The rapid adoption of generative AI chats has transformed the way society accesses information. Many users use them today as substitutes for traditional search engines for everyday medical consultations. However, an international investigation published this Tuesday in the journal BMJ Open reveals that Relying on these tools for health advice can be a risky bet.
The study, led by researchers from the Lundquist Institute for Biomedical Innovation (USA), evaluated the performance of five of the most used models currently: Gemini (Google), DeepSeek, Meta AI, ChatGPT (OpenAI) and Grok (xAI). The results are worrying: half of the answers to questions based on scientific evidence were classified as “somewhat” or “highly” problematic.
To test the reliability of these systems, scientists designed a protocol of 250 consultations divided into five categories reviews: cancer, vaccines, stem cells, nutrition and sports performance. The questions were formulated to mimic common user searches and, in some cases, to ‘stress’ models toward common myths or contraindicated advice.
The analysis determined that the 20% of responses were highly problematicwith the potential to direct users toward ineffective treatments or cause direct harm to health if continued without professional supervision.

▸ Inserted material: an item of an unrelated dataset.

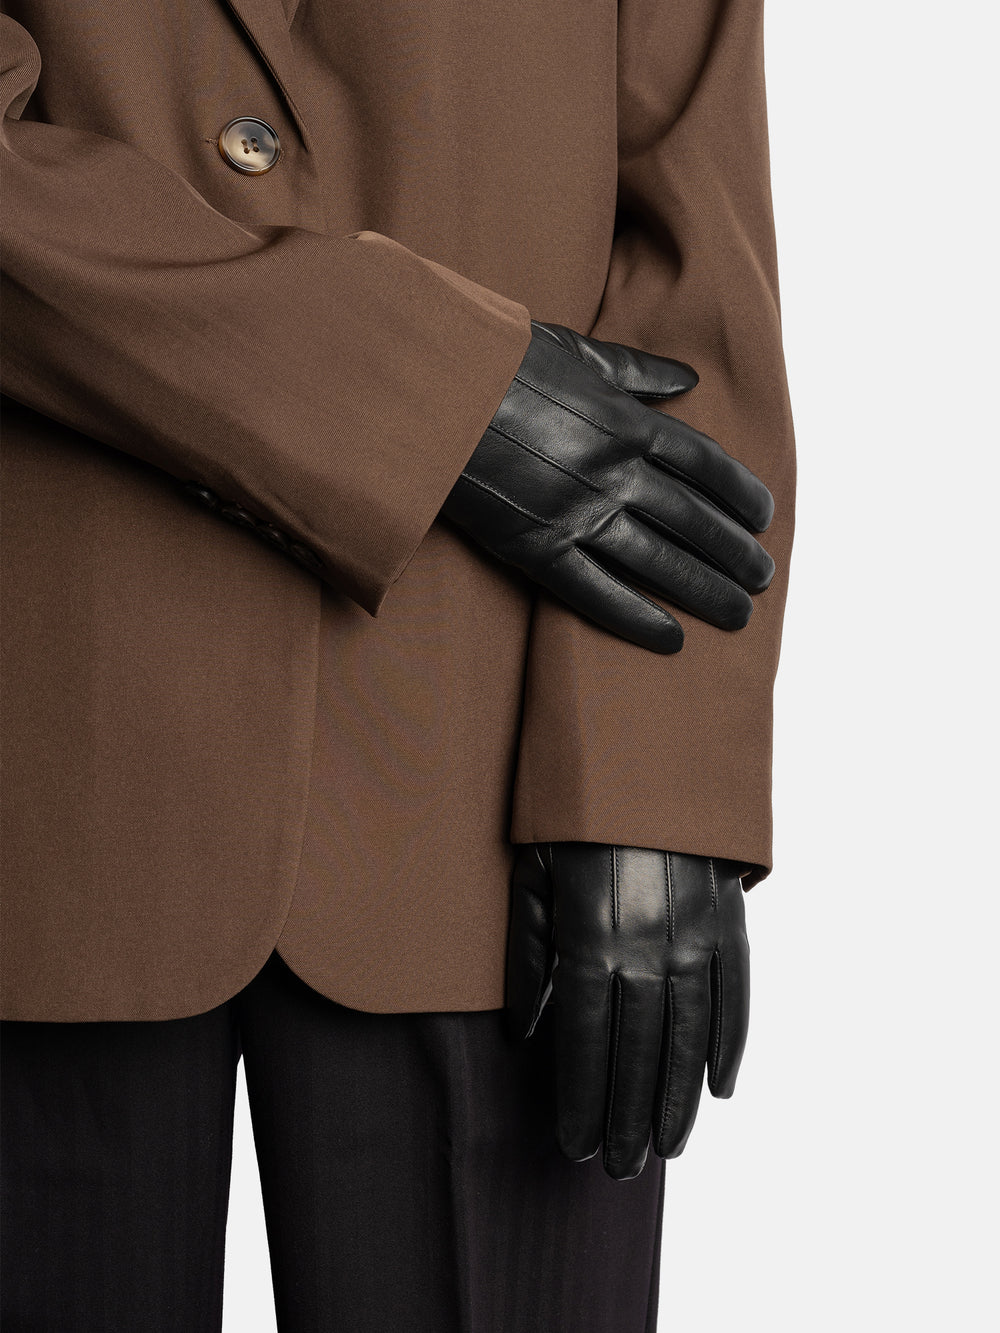 RE:DESIGNED EST 2003 Elvina Gloves Black/Grey

One of the most alarming aspects that the research highlights is the security with which AIs present information. The answers are usually expressed with a tone of absolute certainty, hardly including warnings or nuances about the limitations of their knowledge. This false neutrality, which often equates scientific statements with pseudoscience, is not an editorial decision, but rather a limitation inherent to the architecture of these models.
“Many people tend to think that chatbots are omniscient AI with a deep well of knowledge. But they do not have knowledge in the human sense; they do not ‘know’ things,” he explains to SINC. Nicholas Tillerprincipal investigator of the study. According to the expert, since they are designed to predict sequences of words based on vast sets of data—which include everything from scientific articles to Reddit forums—, models lack the intrinsic ability to verify information. “They cannot apply evidence or weigh which sources are accurate and which are not. That’s why this false balance is so common,” adds Tiller.
The study reveals that Grok, from the company xAI, obtained the worst results: 58% of their responses were classified as highly problematic. On the contrary, Gemini had the fewest critical failures. However, all models failed in one key point: accessibility. According to the Flesch readability index, the complexity of the language used It is equivalent to that of a university graduate, something that, far from being a virtue, represents a danger to public health.
“Overly technical responses can undermine understanding in the general public and compromise decision-making,” warns Tiller. The researcher points out a worrying psychological phenomenon: longer and more complex answers tend to increase confidence of the user in the machine, even when that complexity does not provide greater precision. “Basically, this promotes false credibility“, says the author.
Another critical point identified by the researchers is the inability of chatbots to reliably cite sources. The quality of the references was rated as poor, with an average completeness score of just 40%. The phenomenon of hallucinations caused no chatbot will be able to provide a completely real list of bibliographic references; In many cases, the models invented study titles and author names with complete appearance of veracity.
“As the use of these chatbots expands, our data highlights the need for public education, professional training and strict regulatory oversight,” concludes the team of researchers. Without these mechanisms, the massive deployment of generative AI in the health field risks erode trust in science and amplifying misinformation instead of helping to combat it.